Are there other risks? The big one is that Asian countries decide to ban exports of refined fuel, and we are unable to replace the supply. So, we actually run out of fuel at any price. As I wrote last month, this would be a threat to our way of life at a fundamental level. The agreement with Singapore being signed this weekend is intended to provide some guarantee against this. But if our trading partners are themselves pushed over the limit, there are no guarantees. I think this is low risk, but it would be catastrophic.
What is to be done? Firstly, I fear the government has a response based on hope. They hope they won’t need to make difficult rationing decisions. That may be true, but they have yet to be really clear with the country that prices will go higher for longer. Many groups and regions will be hard hit, and everyone needs time to prepare. Secondly, although we might all agree that physical shortage (no fuel at any price) is very unlikely, we all deserve reassurance that there is a plan, and to know how it would work. At present I’m reliably told there is no meaningful plan. This is culpable negligence.

For each of us individually? Rising prices, and static or falling real incomes face most of us who live rurally or provincially, and many others too. This is a moment to seriously reduce exposure to oil and gas, and manage our other costs carefully. We are all about to discover we are not as affluent as we thought. For many of us, this is also the moment to consider a move across the Tasman. The economic gap between New Zealand and Australia is about to widen sharply.
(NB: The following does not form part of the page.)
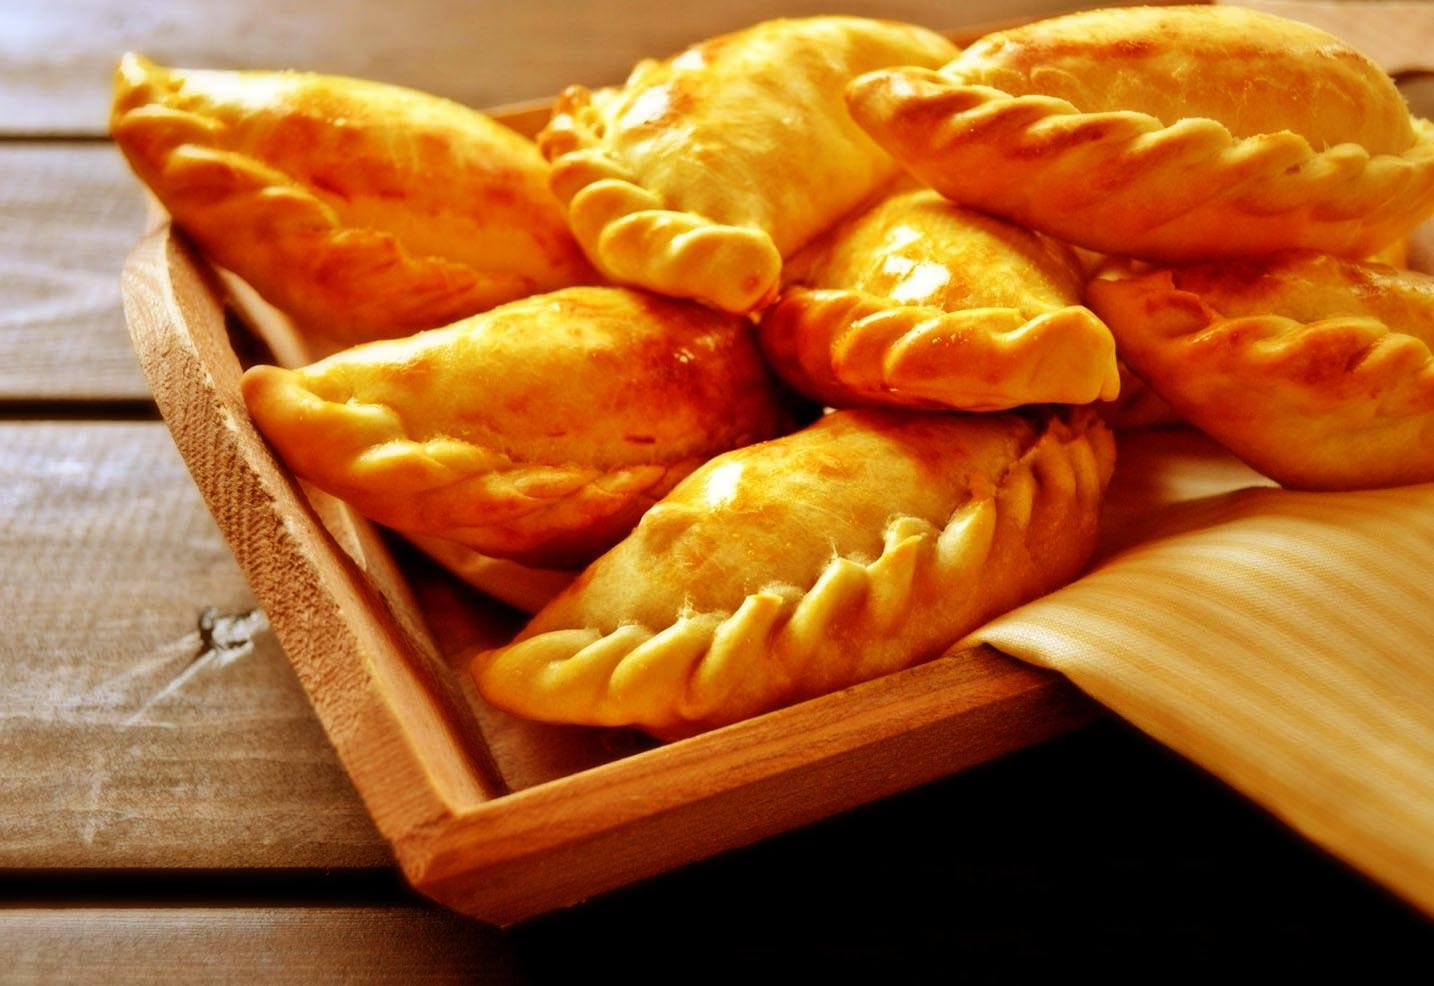 Les empanadas arts et voyages for Art et cuisine tahiti

The election later this year will be fought against this background. The temptation to offer simple, magical solutions to the electorate will be seductive for many parties. Far be it for me to tell anyone who to vote for (I haven’t decided myself, and I rarely vote for the same lot twice). But honesty about the challenges and humility as to the solutions will be the measures I expect to apply.
For those of us running small businesses using diesel-powered vehicles, this is a moment to vote carefully, and to ask searching questions as we do. Plato is said to have observed that “failure to go into politics is to condemn oneself to be governed by one's inferiors”. It will be a pity to see him proved right once again.
Ian Fletcher is a former head of New Zealand’s security agency, the GCSB, chief executive of the UK Patents Office, free trade negotiator with the European Commission and biosecurity CE for the Queensland government. These days he is a commercial flower grower in the Wairarapa and consultant to the apiculture industry with NZ Beekeeping Inc.